Indeed, it is wholly unreasonable to expect biology to now compensate for the enormous energy demands of the modern industrial system when nature is already under catastrophic pressure from that same system.
Whilst there are some special cases where bioenergy has positive environmental benefits, it must remain a niche solution within a future sustainable energy model.
FUELS FROM WASTE
Many organic products including hydrocarbon fuels can be produced from waste.
These fit broadly into two categories:
- biological waste and
- petrochemical waste.
Biological waste includes a wide range of source material – ranging from agricultural by-products (such as straw), waste biomass (such as forest residues, construction timber) and municipal waste (such as food, oil).
There is great merit in taking further benefit from energy already captured in organic material provided the processing energy (especially fossil-based energy) and other resource consumption (especially water) are appropriately accounted.

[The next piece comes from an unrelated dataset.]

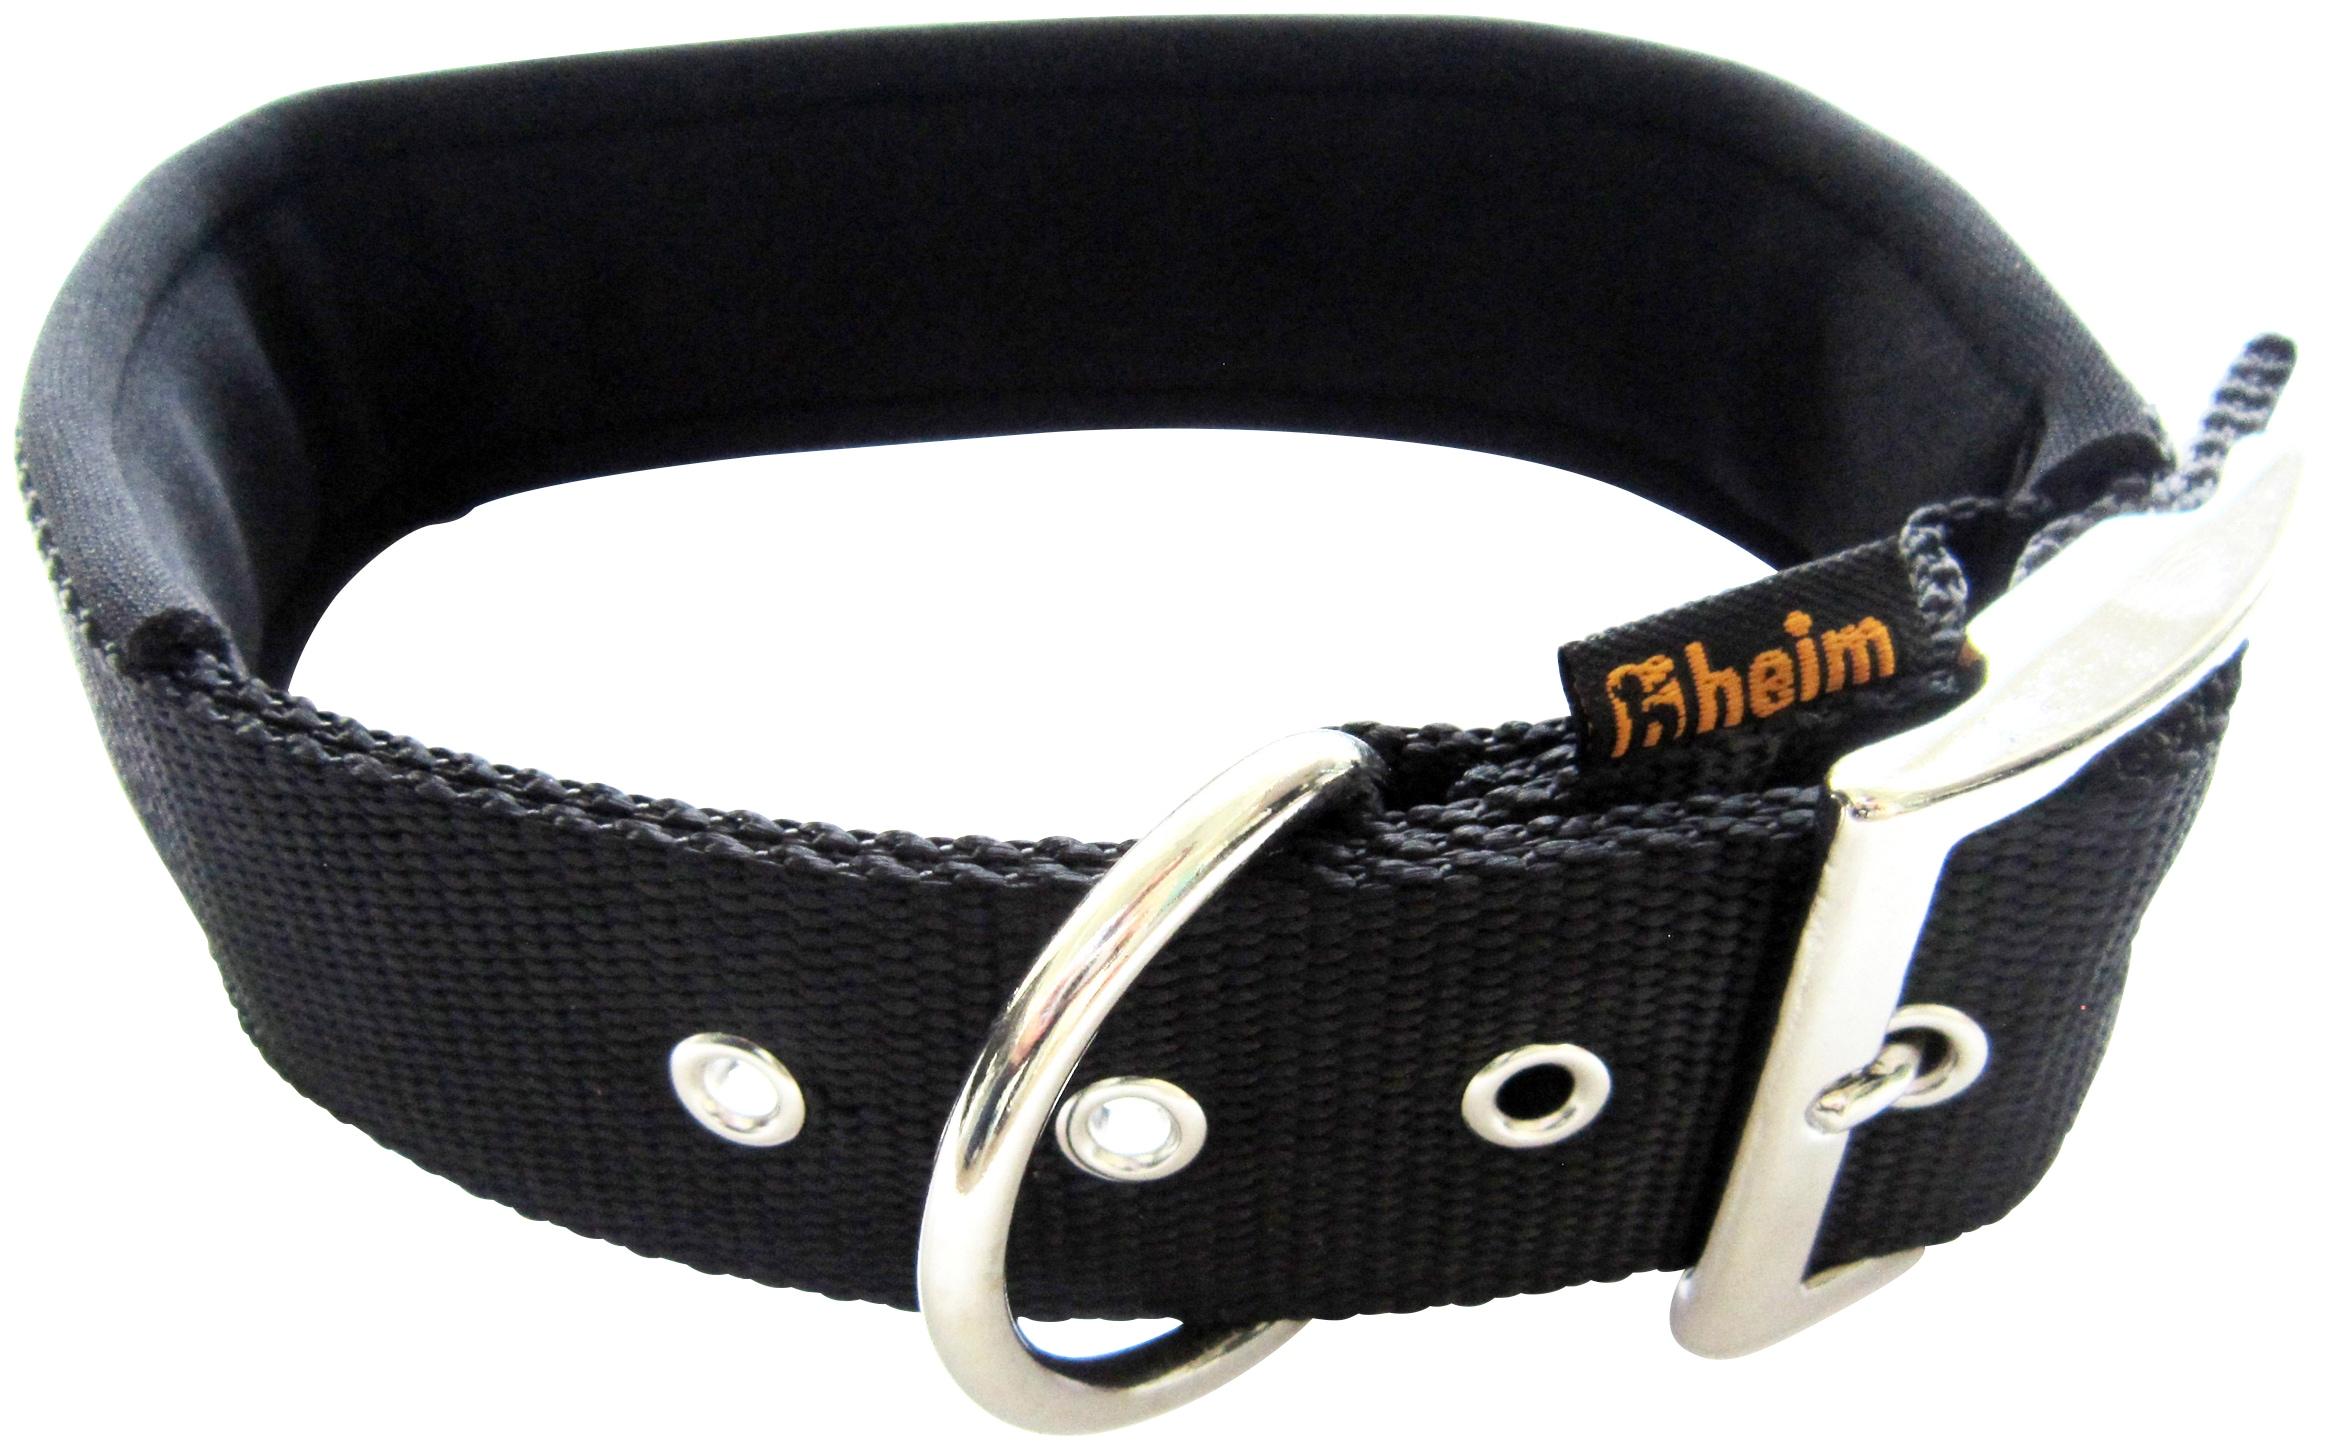 HEIM Hunde-Halsband, Nylon, mit Neopren-Futter schwarz Hunde-Halsband Hundehalsbänder Hund Tierbedarf

Side benefit exists in any reductions to alternative waste disposal impacts such as landfill.
Products derived from biological waste are in effect a specialised sub-set of industrial bioenergy and suffer from the same limitations especially in respect to scale.
Petrochemical waste includes plastics waste and non-biological industrial waste.
The primary merit in recycling these wastes comes from the benefit of consuming existing or avoiding further contamination to the environment (such as ocean plastics, landfill).
From a global warming perspective, fuel products derived from petrochemical waste which was originally manufactured from fossil-based petroleum precursors are simply a deferred version of conventional fossil fuels with identical macro-chemistry including equivalent carbon-dioxide emissions.
In the absence of any associated carbon capture process, these products remain classified within the unsustainable fossil fuel energy model.
As will be discussed later, fuel products derived from petrochemical waste which was not manufactured from fossil-based petroleum precursors, but manufactured from synthetic petroleum precursors (products of petrosynthesis) may legitimately be combusted and are classified within the sustainable and circular petrosynthesis energy model.
In all of the above categories, security and quality of supply present additional challenges to direct fuel production (biofuel, fossil fuel or synthetic fuel respectively), since the source waste material is, by definition, a by-product of upstream activity that is dictated by others in composition and quantity.